I wanted to post this to see if anyone else was experiencing the same think I've noticed, and if you've found any work-arounds that perhaps I'm missing ..

Before V7 -

Ran 6.5 with latest patches.
I have 5 jobs for my servers, all are running reverse-incrementals with 'rollups' into their weekend vbk file.
"constant" running robocopy jobs to 'sync' all my non-vbk files over everyday via my 10-Meg VPN connection to a remote site.
Every Sunday I have a 'copy' job which transfers my vbk files to a external 4Tb drive which I manually transport offsite and upload to the NAS over there.

Now - running V7.

I recreated the same 5 jobs.
carved out space on my NAS and put all the 'newer' named files there.
stopped the V6.5 jobs and all the robocopy processes.
created some 'shaped' proxy rules so that I was limiting my business-hours "backup traffic" to only 6MB and wide-open after-hours.

I was excited that perhaps the WAN accelloration process might handle all the "dedup, incremental changes, and even possibly the vbk'" files for me. I'd thought this would be a reduction in "steps" for me by removing the Sunday/Monday tasks. I thought that perhaps the shaping of the proxy boxes with "wide-open" after hours might be able to massivly push out all the data and hopefully get me 'caught' back up by tuesday am at the latest.

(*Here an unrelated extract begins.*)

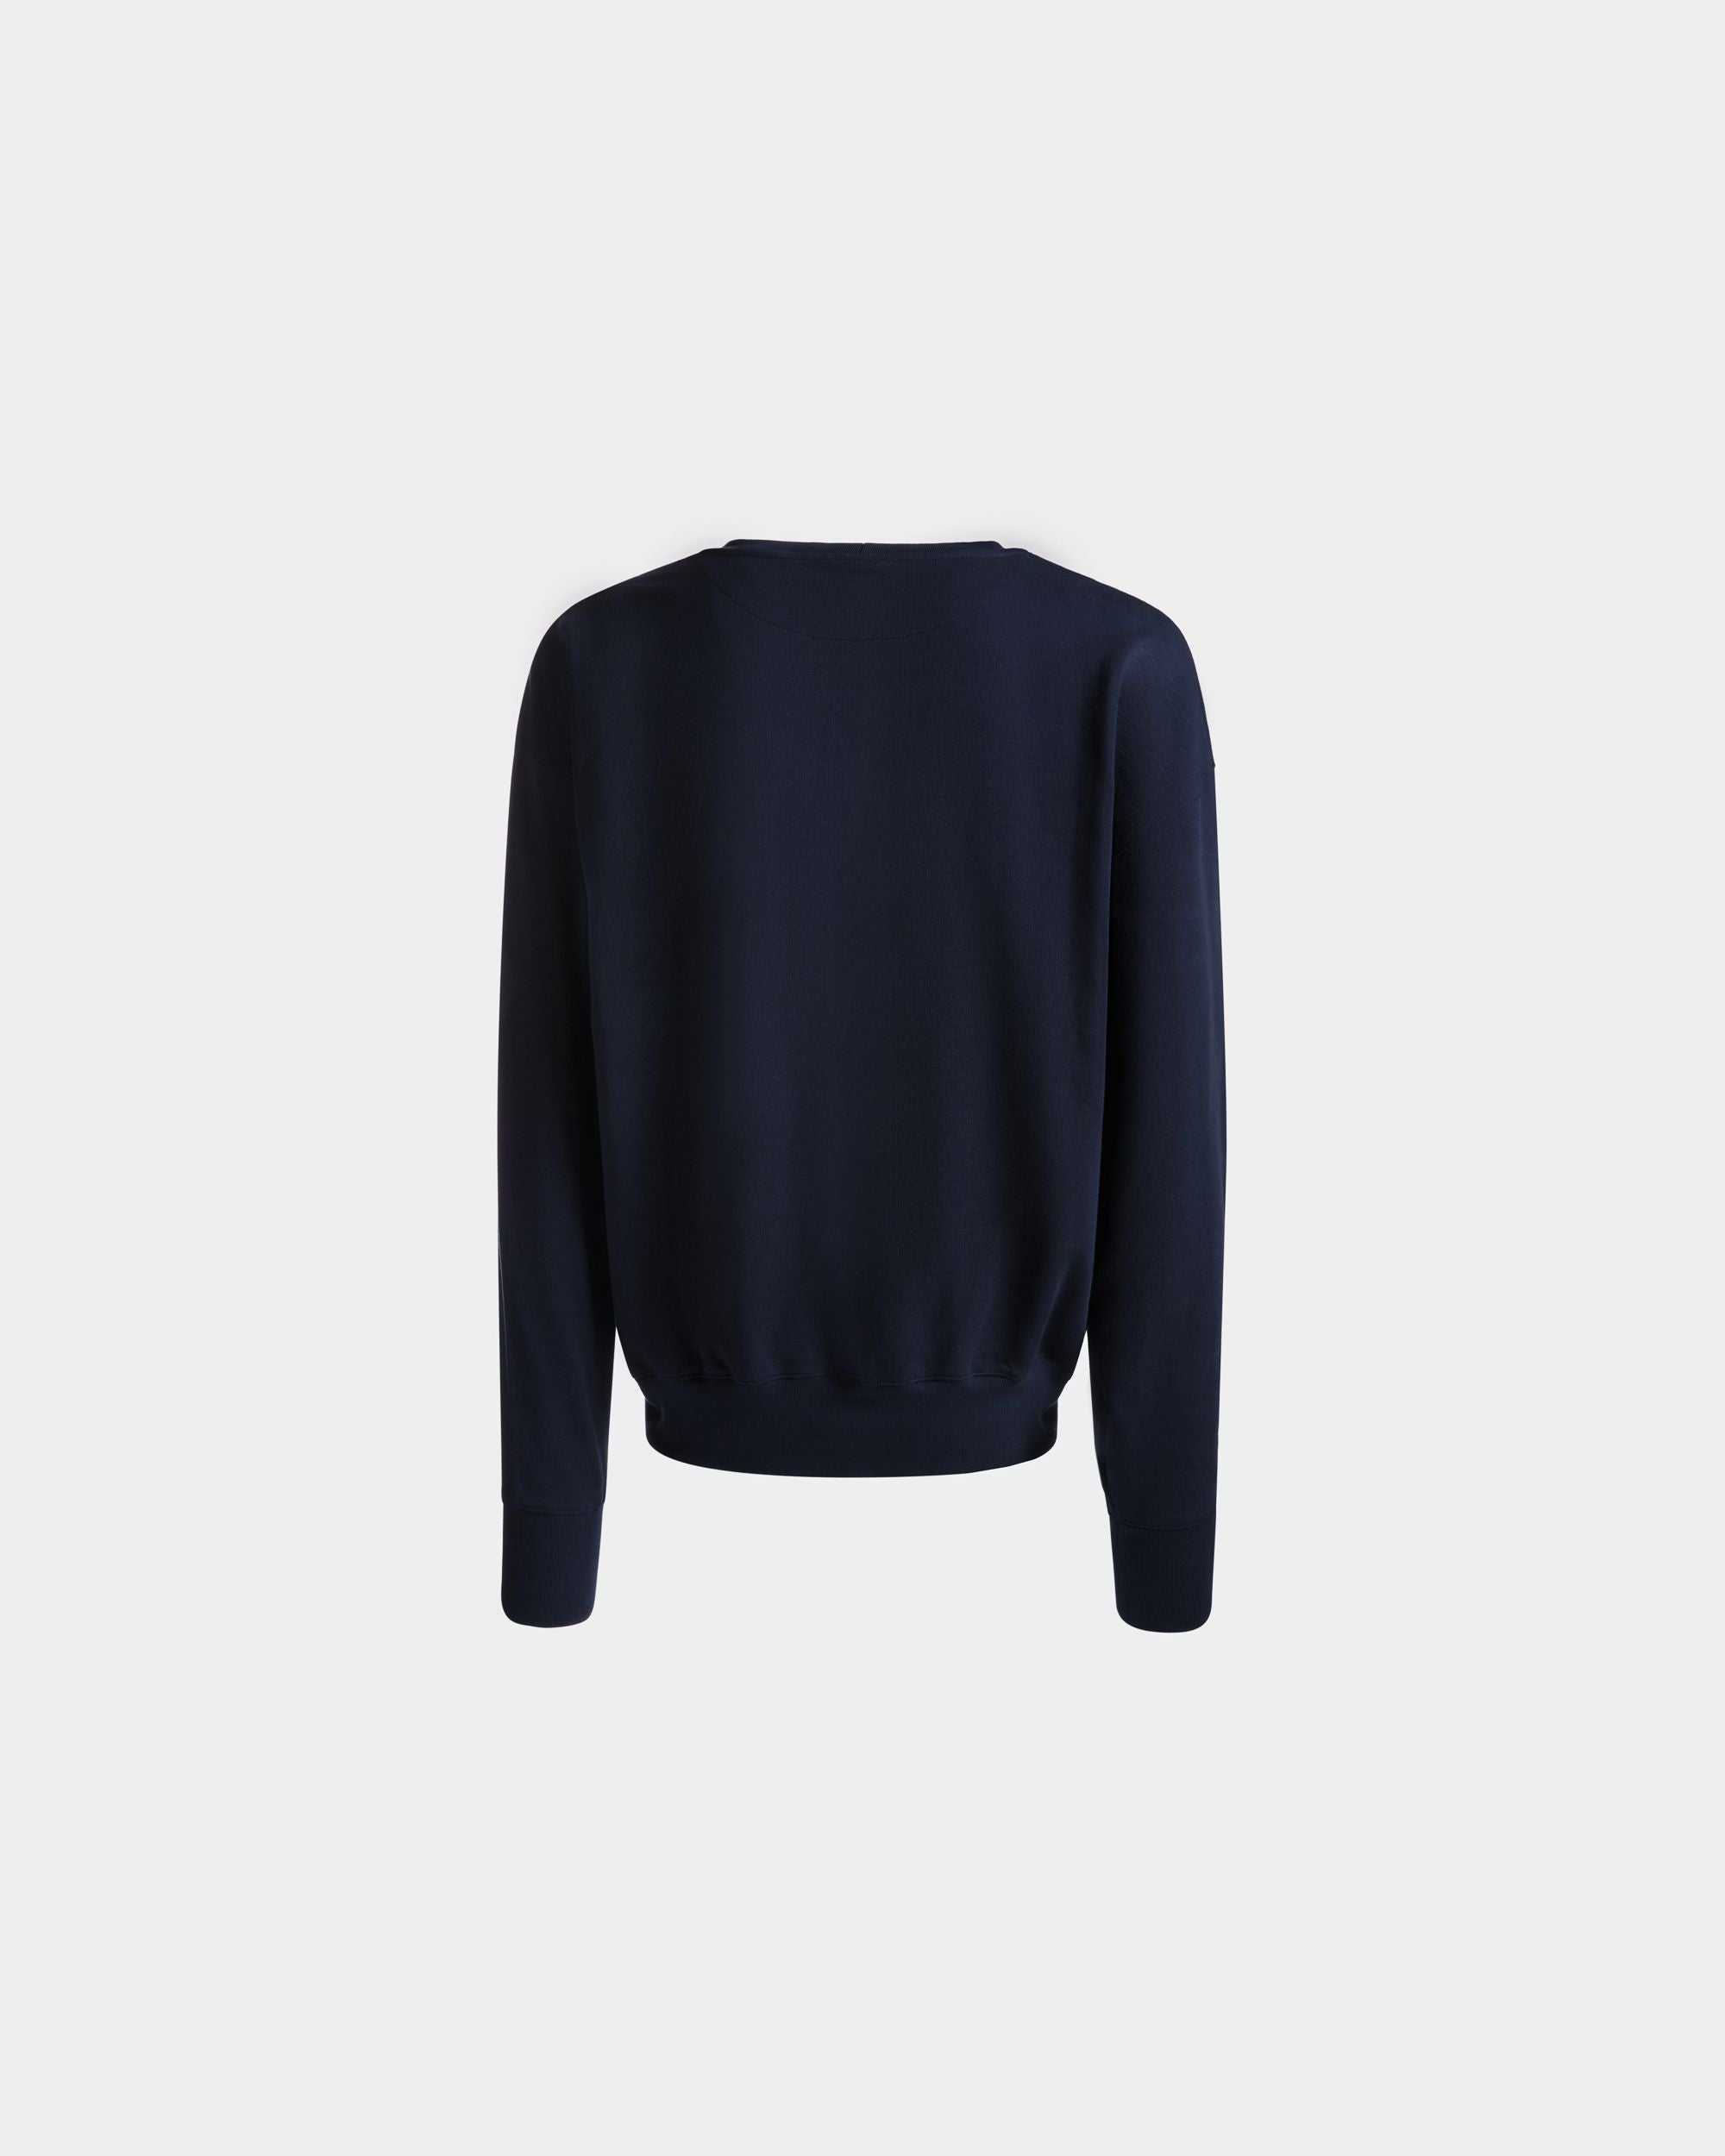 Men's Sweatshirt in Navy Blue Cotton | Bally | Still Life Back

I haven't found this to be true. Not only haven't I been able to push out all of my vrb files to my remote site, but I dont have "full vbk" files offsite. I'd thought perhaps I didn't have enough 'cache' space, or perhaps not enough proxy boxes - but alas, nothing seems to be working. As of this time, I have backed up 943Gb at my local site (where my initial backups are done) and only transferred 497Gb accross the wire. How dissapointing to say the least, as I now have to figure out how to reverse-engineer this process. I'm going to somehow figure out how to stop the wan accelerators and transfer (at least) the vbk files manually again. Whenever I make this change, I dont know how the 'cache' process will react and work.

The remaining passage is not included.